About this exercise:
Leaving the pictures aside, transcribe every line below exactly.

Data shown:
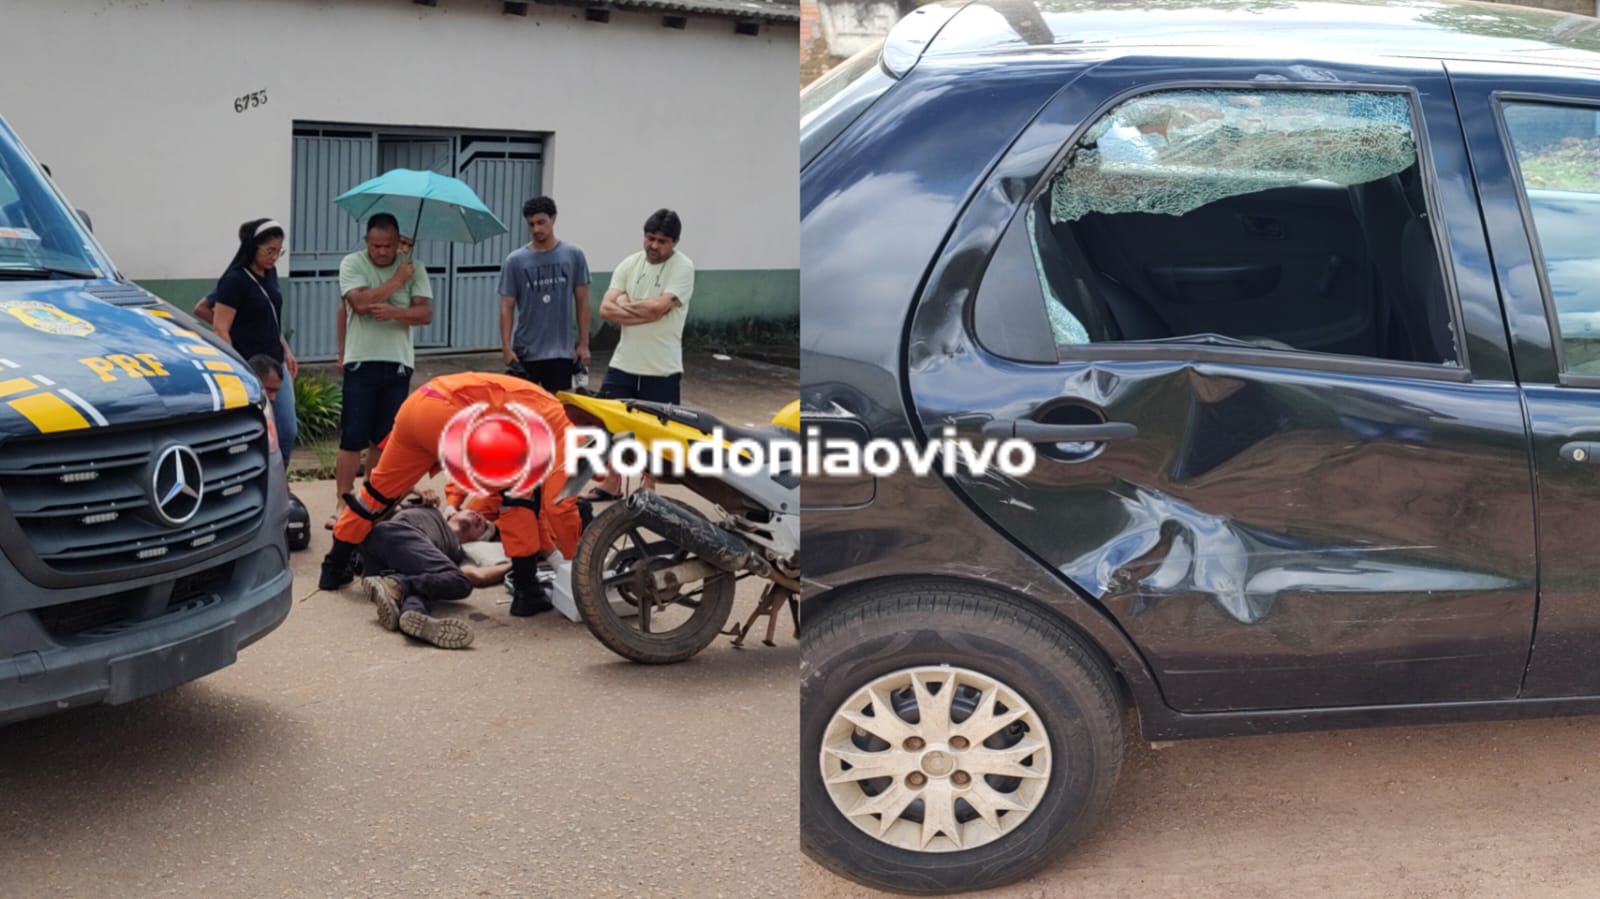 URGENTE: Motociclista sofre grave acidente ao avançar preferencial na capital
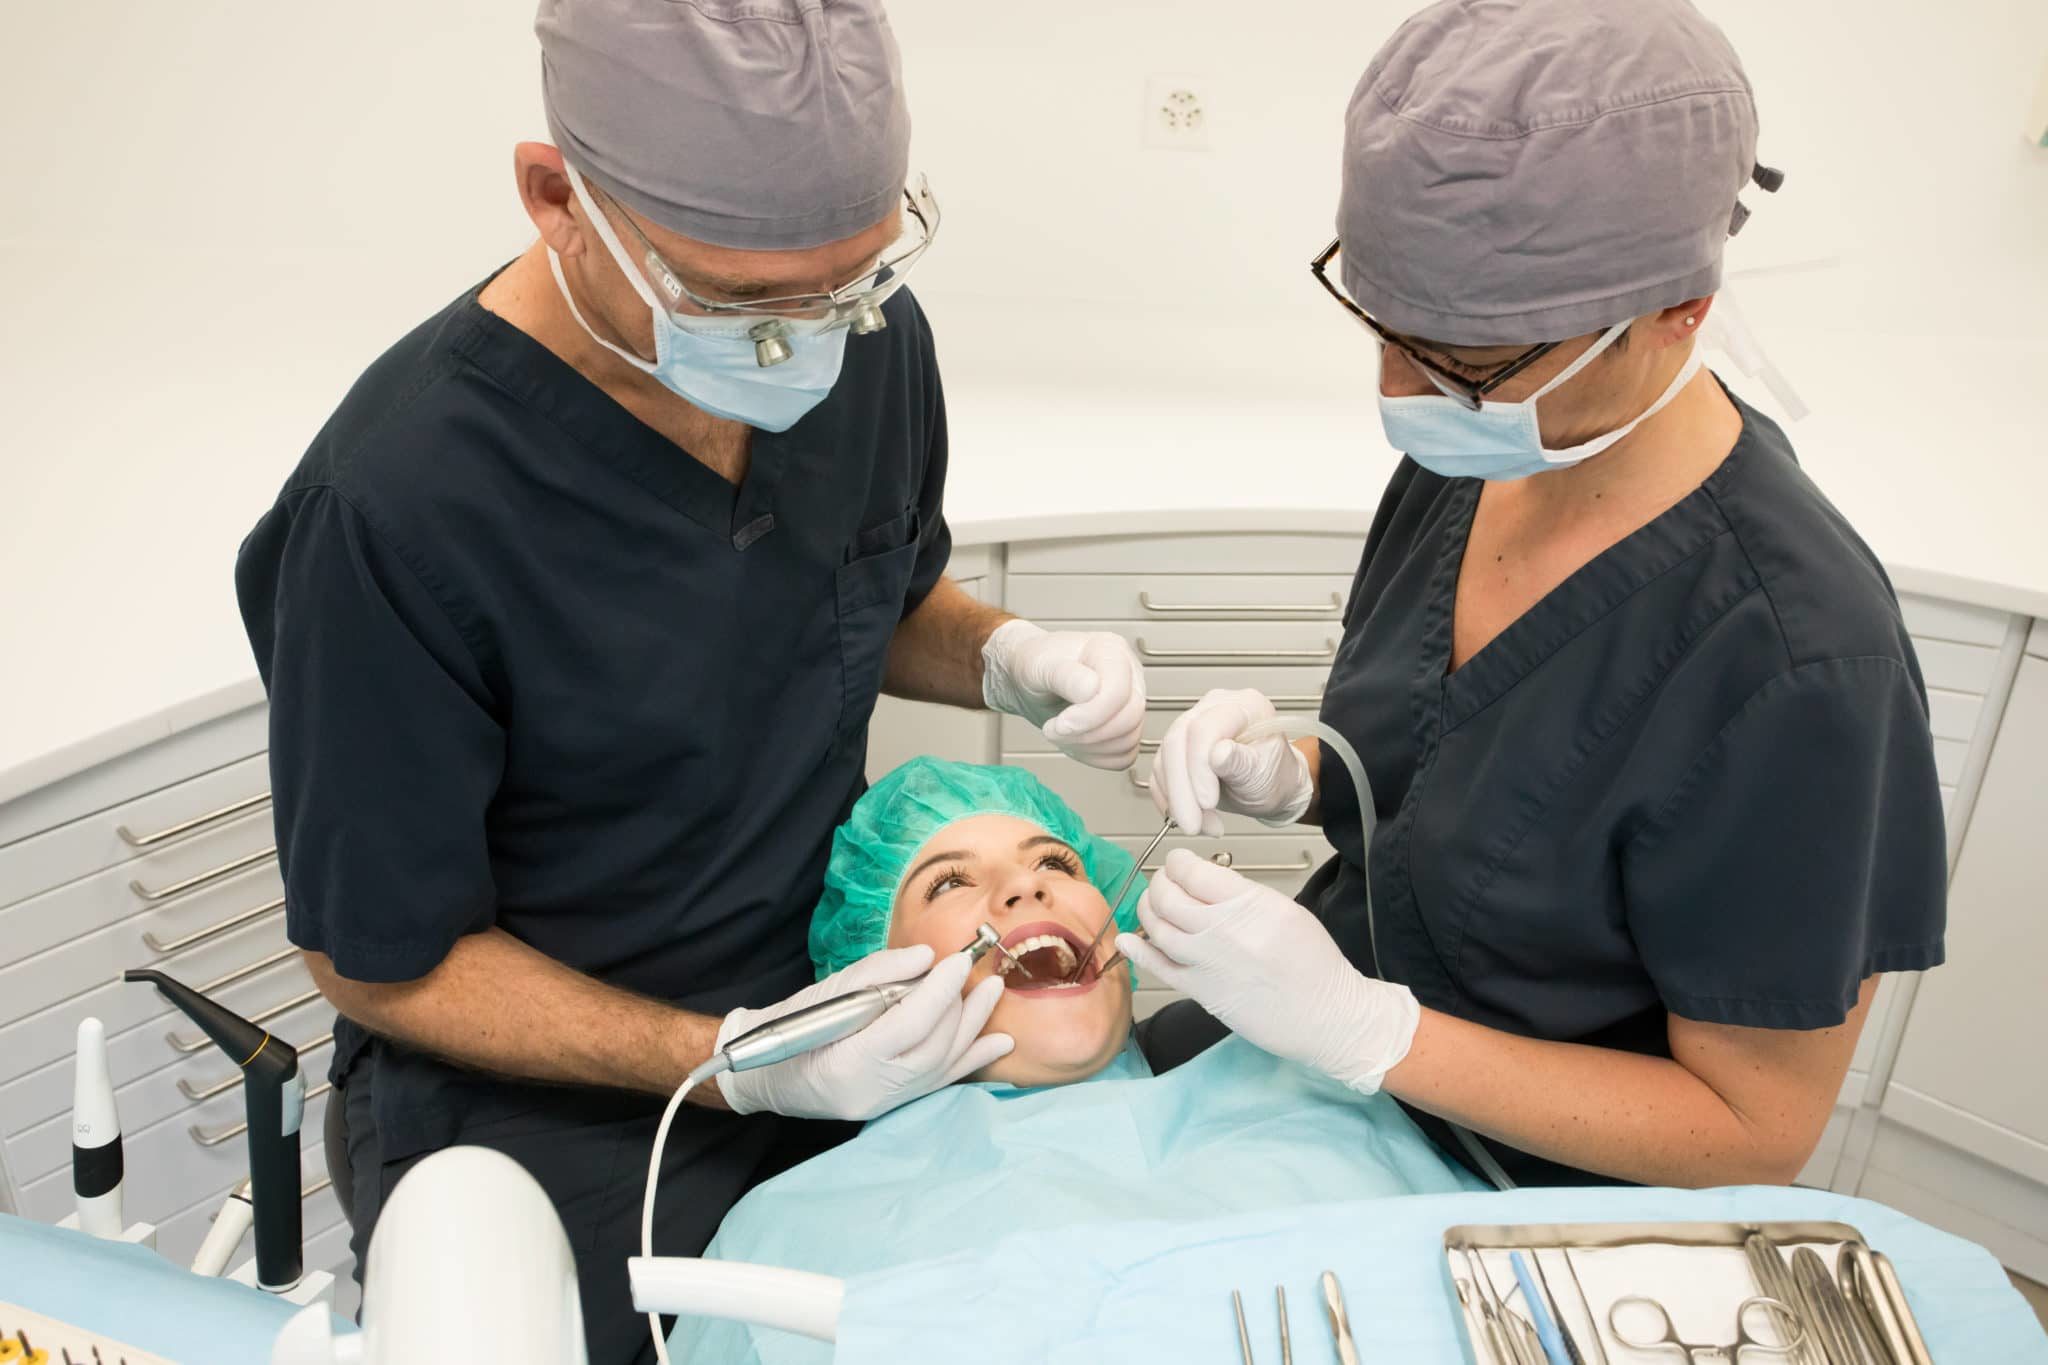 Extraction dentaire : quand, durée, déroulé, soins après
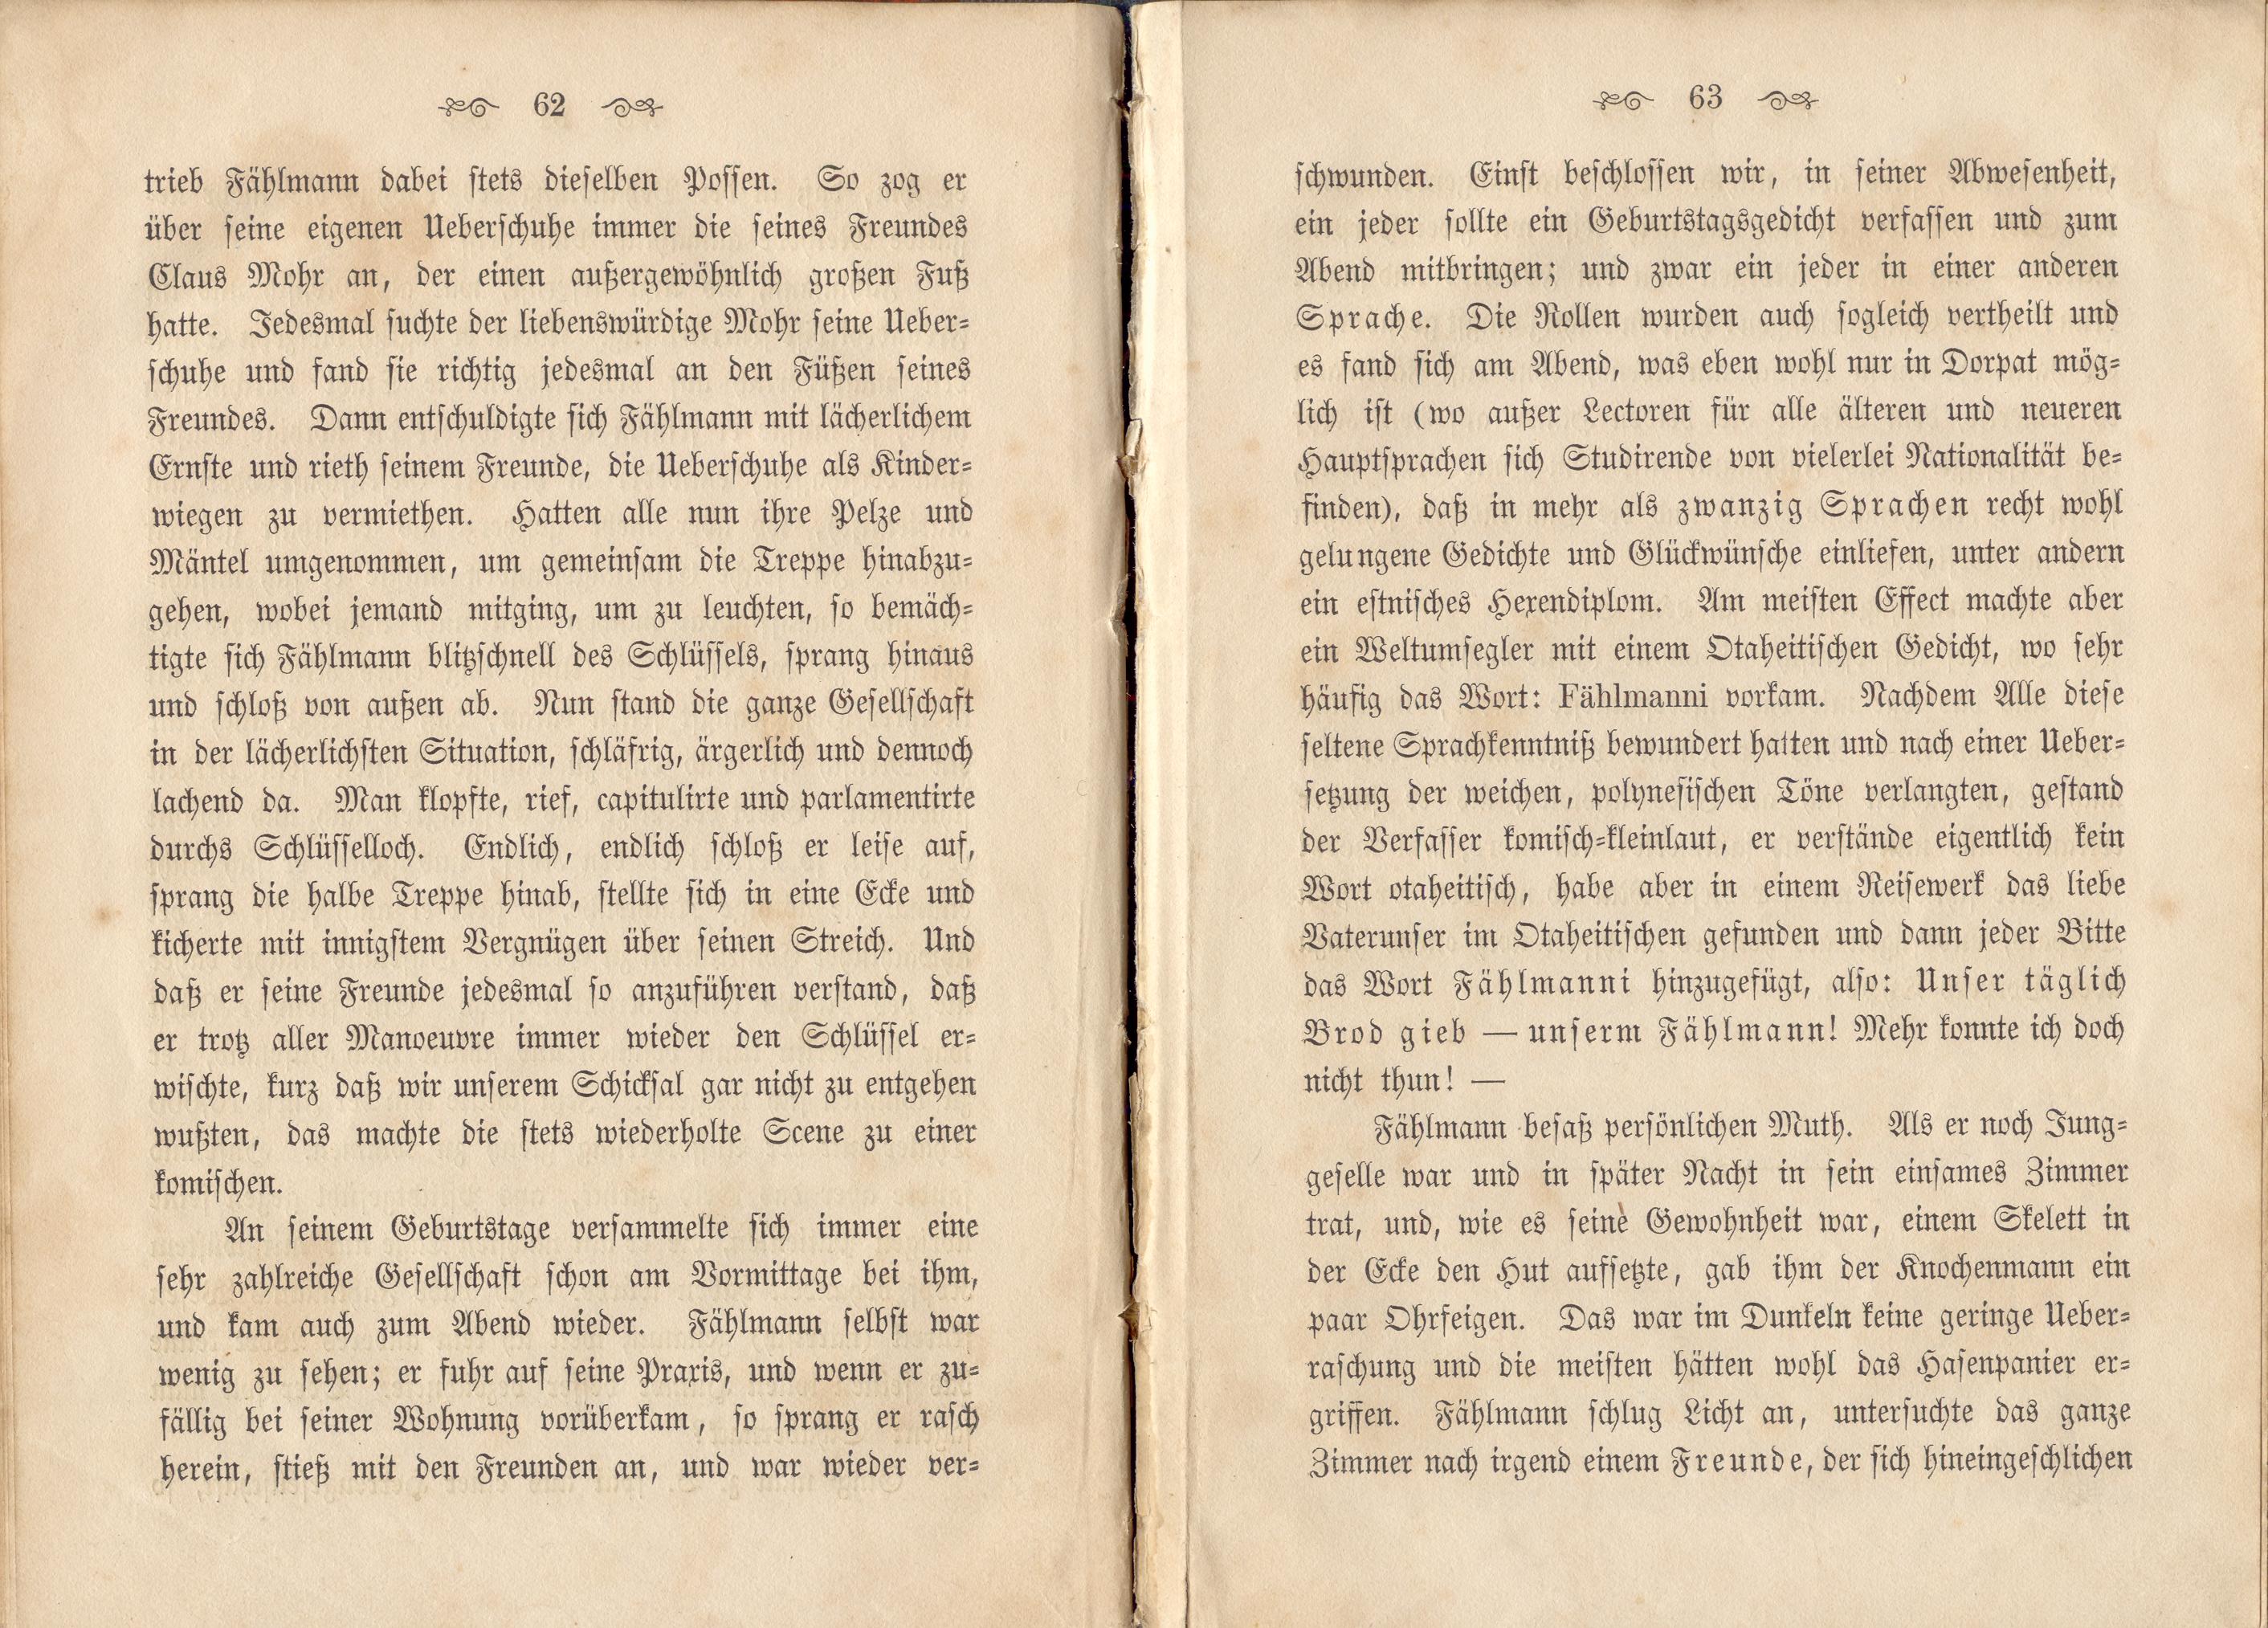 Dorpats Grössen und Typen (1868) | 34. (62-63) Основной текст

Reply:
 URGENTE: Motociclista sofre grave acidente ao avançar preferencial na capital
 Extraction dentaire : quand, durée, déroulé, soins après
 Dorpats Grössen und Typen (1868) | 34. (62-63) Основной текст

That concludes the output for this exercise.